The datasets used in this project can be found in the Data folder. Raw data is also present along with processed data. To process data yourself, you can use processdata notebook present in the repository. The processed data is also present in the folder.
I used the TPU's provided by kaggle to train the models. For using kaggle, follow these steps:
- Create a dataset using the files provided in the Data folder.
- Upload notebooks in this repo on kaggle.
- Add the dataset created in the first step in these notebooks using the data tab on right side of notebook.
- Change the accelator to TPU in the settings tab on right side of the notebook.

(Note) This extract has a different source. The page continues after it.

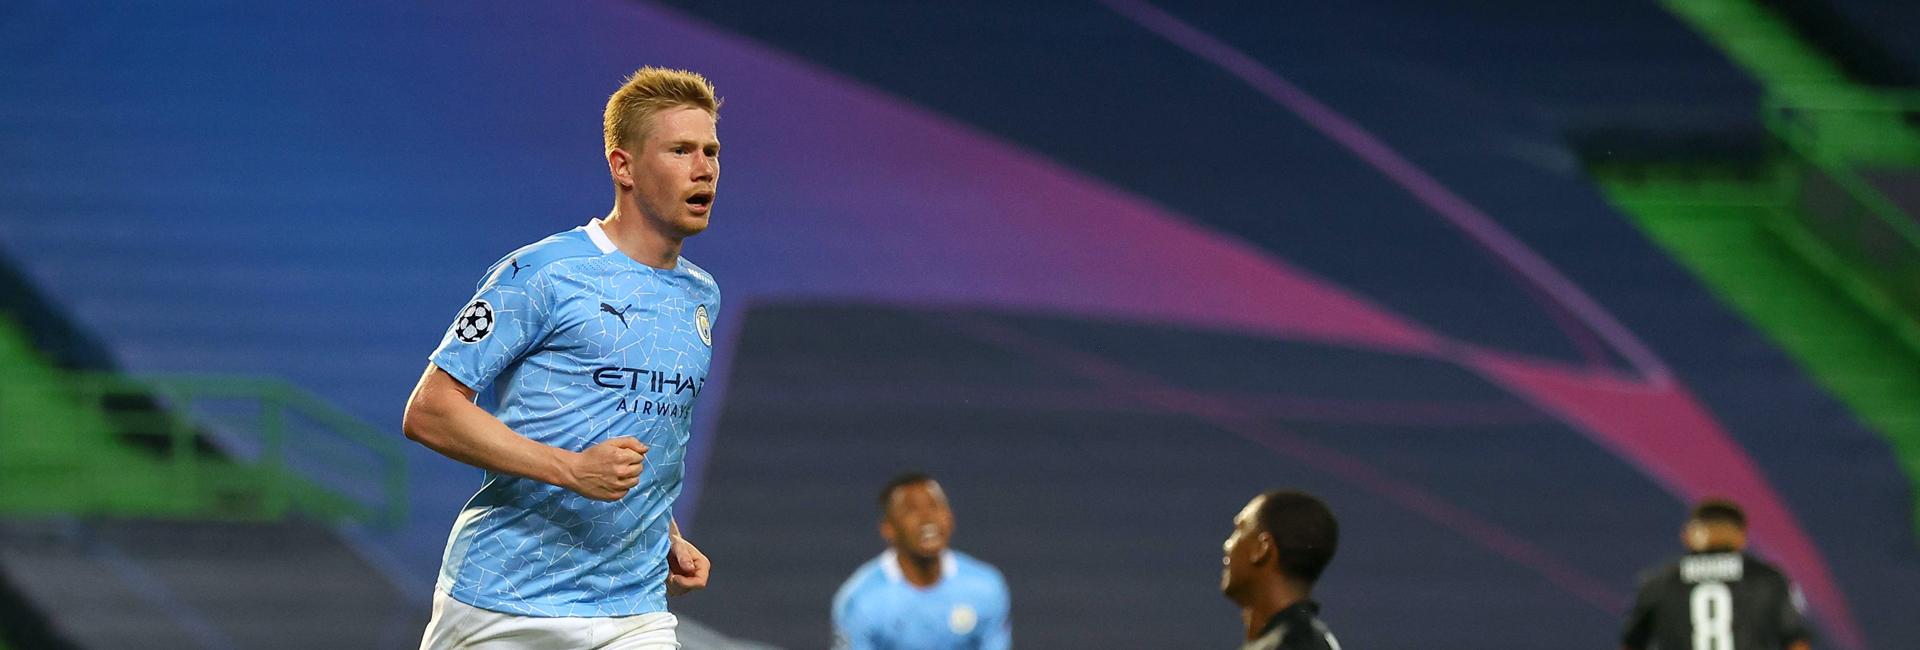 Premier Lig'de şampiyon Manchester City!

- Run all cells of the notebook. The required output/results will be present in the output of last cell.
To run on your local machine. Follow these steps:
- Download and install anaconda from this website: https://www.anaconda.com/products/individual.

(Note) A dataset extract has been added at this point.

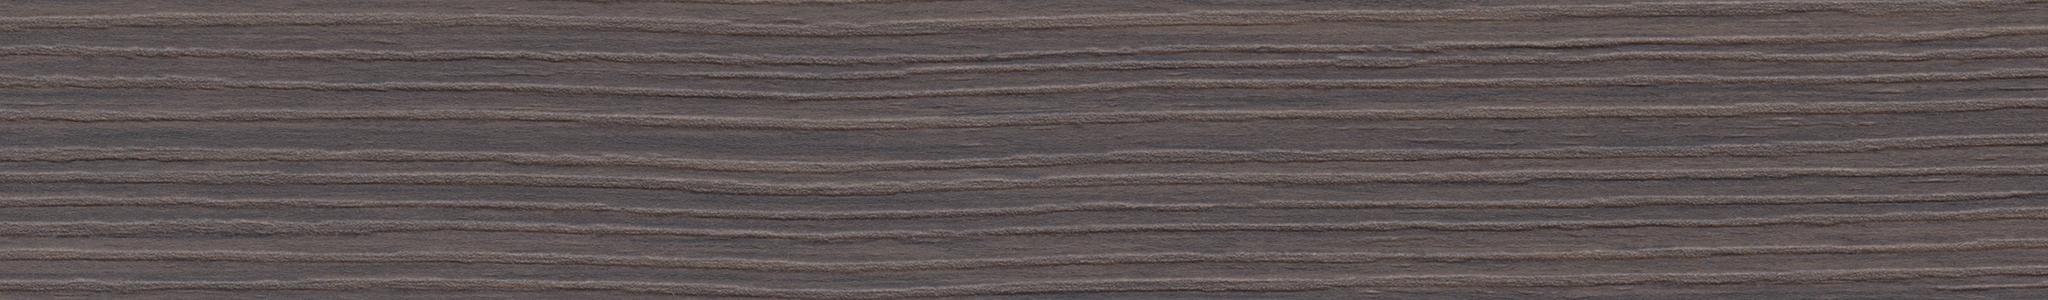 HD 294062 Кромка ABS Орландо - Поры - Мягкая Матовая

- After installation, you will need to install dependencies. For this run following commands:
- conda install -c anaconda jupyter
- conda install -c anaconda tensorflow-gpu
- conda install -c conda-forge tqdm
- conda install -c conda-forge numpy
- conda install -c conda-forge pandas
- conda install -c jmcmurray json
- conda install -c anaconda scikit-learn
- conda install -c conda-forge transformers
- Now open notebook by running following command in the repository where this repo is cloned: jupyter notebook
- You can train models on CPU or GPU but it will take hours, and you need to adjust the batch size of model.fit call w.r.t. to the RAM of your system and/or memory of GPU.